Zhao Cui-e, Wang Wen-Jing, Sun Dong, Wang Xin, Zhang Jian-Rong, Zhu Jun-Jie
State Key Laboratory of Analytical Chemistry for Life Science, School of Chemistry and Chemical Engineering, Nanjing University, Nanjing 210093 (P.R. China).
Chemistry. 2014 Jun 2;20(23):7091-7. doi: 10.1002/chem.201400272. Epub 2014 Apr 17.
A new nanostructured graphene/TiO2 (G/TiO2) hybrid was synthesized by a facile microwave-assisted solvothermal process in which amorphous TiO2 was assembled on graphene in situ.
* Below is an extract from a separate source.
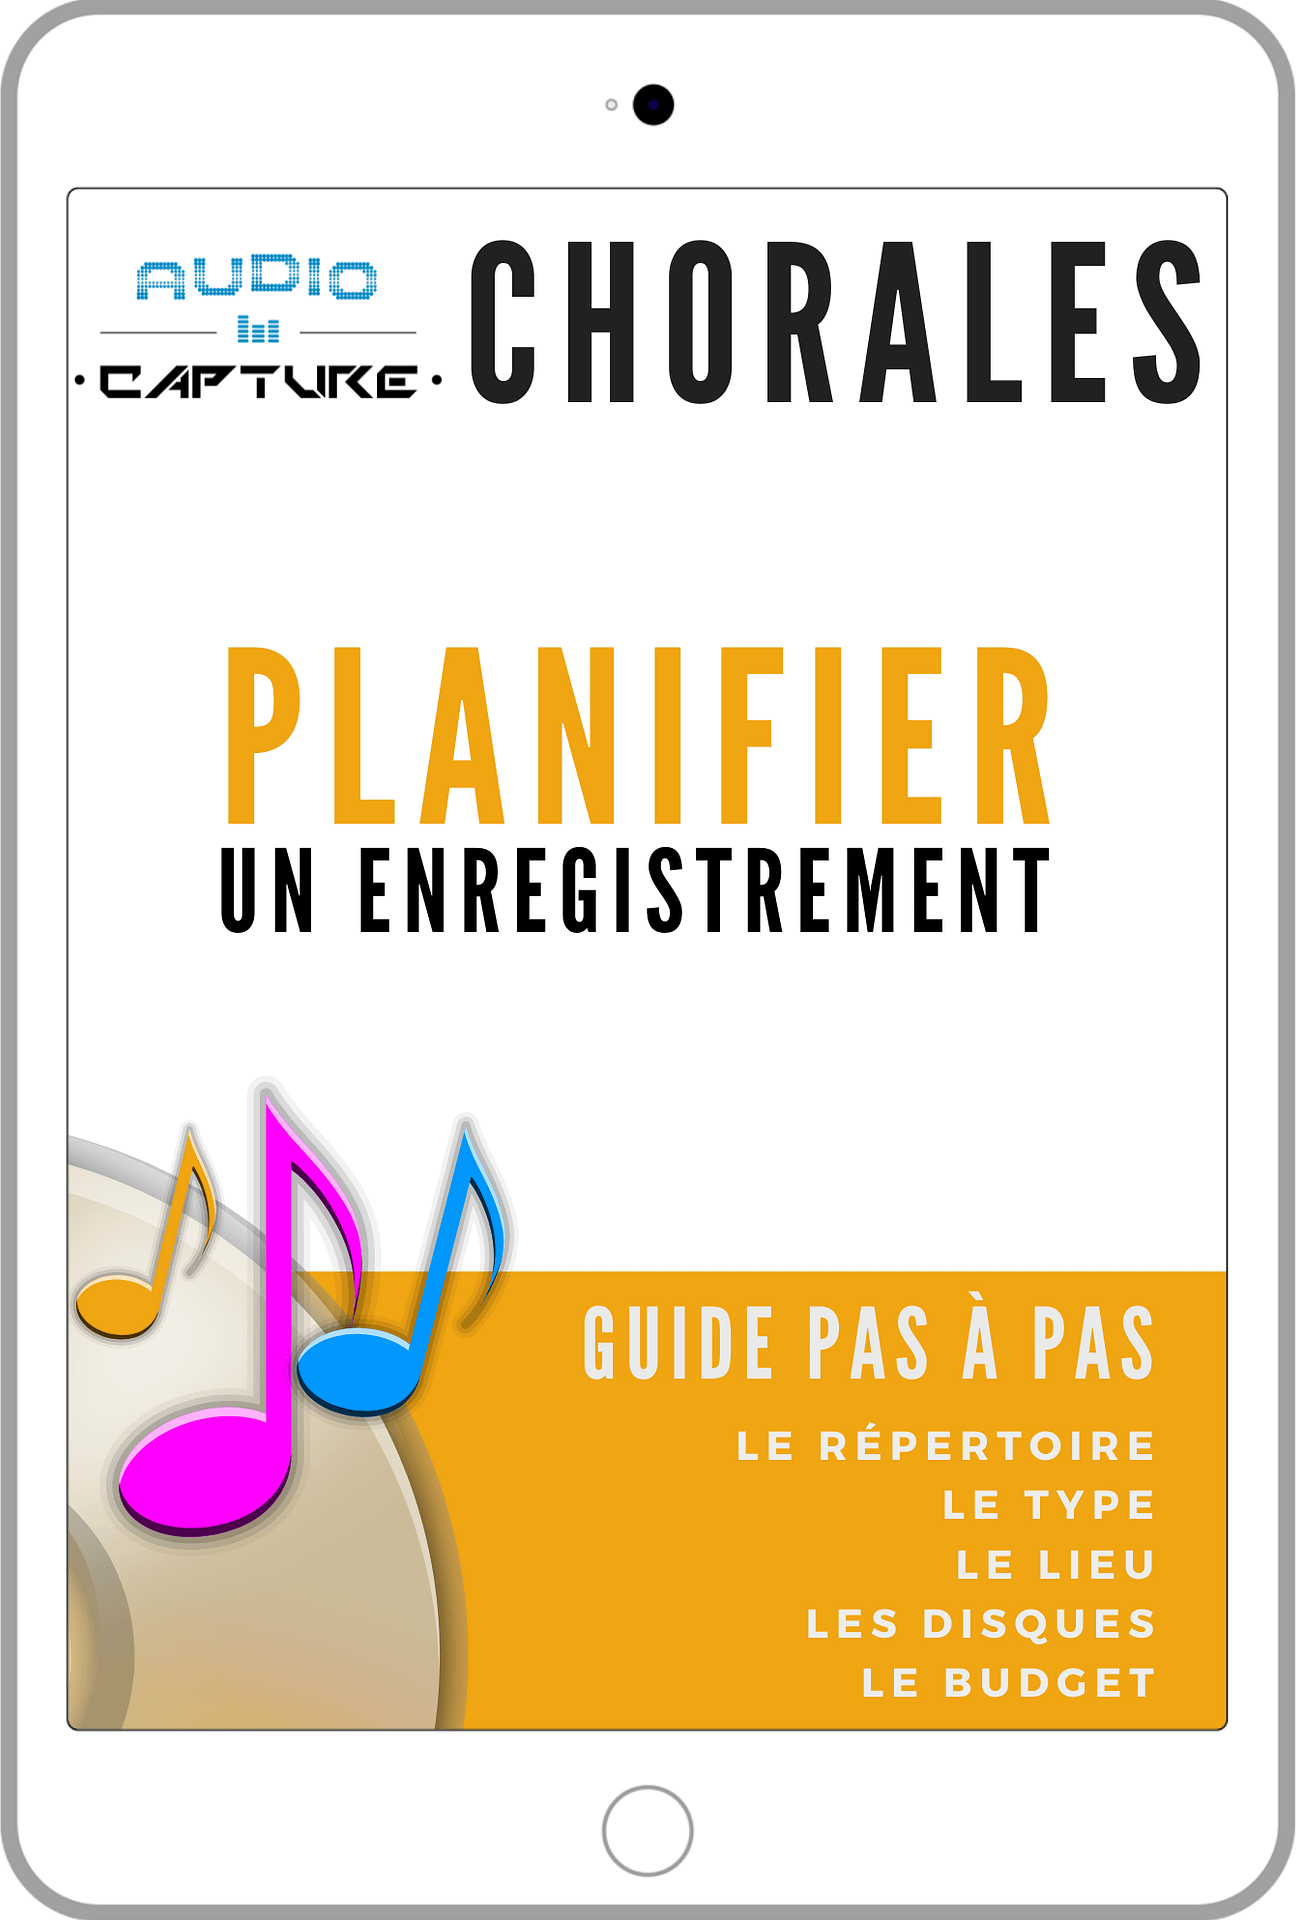 Planifier un enregistrement de chorale - Choeursenchanteurs

The resulting G/TiO2 hybrids were characterized by XRD, SEM, TEM, Raman spectroscopy, and N2 adsorption/desorption analysis. The electrochemical properties of the hybrids as anode materials for Shewanella-inoculated microbial fuel cells (MFCs) were studied for the first time, and they proved to be effective in improving MFC performance. The significantly improved bacterial attachment and extracellular electron-transfer efficiency could be attributed to the high specific surface area, active groups, large pore volume, and excellent conductivity of the nanostructured G/TiO2 hybrid, and this suggests that it could be a promising candidate for high-performance MFCs.
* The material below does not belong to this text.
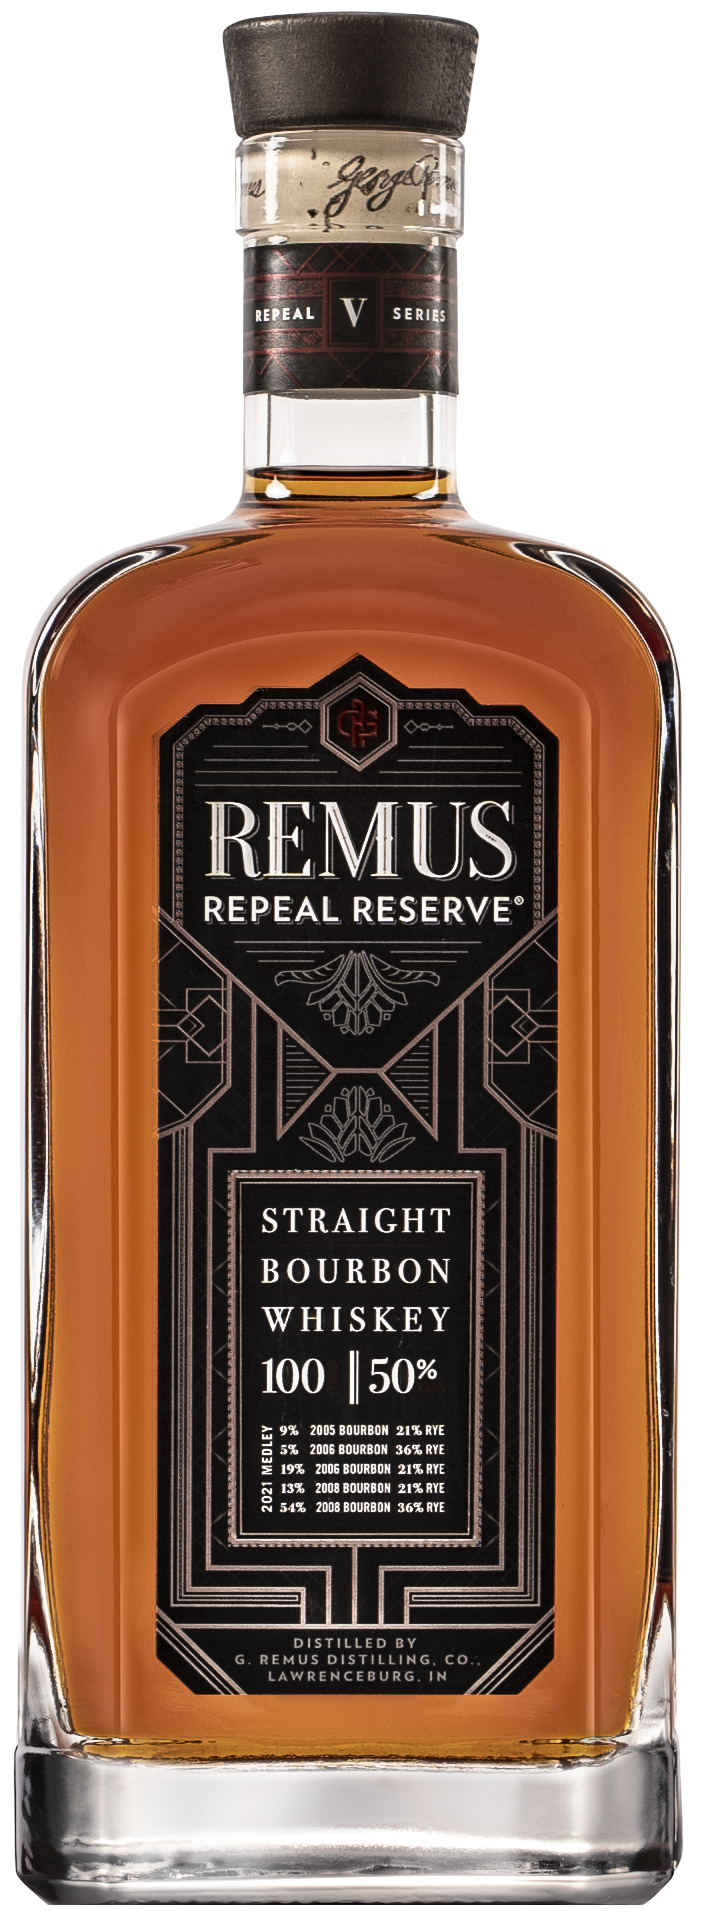 Remus RRRV Bottle Photo

通过简便的微波辅助溶剂热法合成了一种新型的纳米结构石墨烯/二氧化钛(G/TiO₂)复合材料,其中非晶态二氧化钛原位组装在石墨烯上。通过X射线衍射(XRD)、扫描电子显微镜(SEM)、透射电子显微镜(TEM)、拉曼光谱和N₂吸附/脱附分析对所得的G/TiO₂复合材料进行了表征。首次研究了该复合材料作为接种希瓦氏菌的微生物燃料电池(MFC)阳极材料的电化学性能,结果表明它们能有效提高MFC性能。细菌附着和细胞外电子转移效率的显著提高可归因于纳米结构G/TiO₂复合材料的高比表面积、活性基团、大孔体积和优异的导电性,这表明它可能是高性能MFC的一个有前途的候选材料。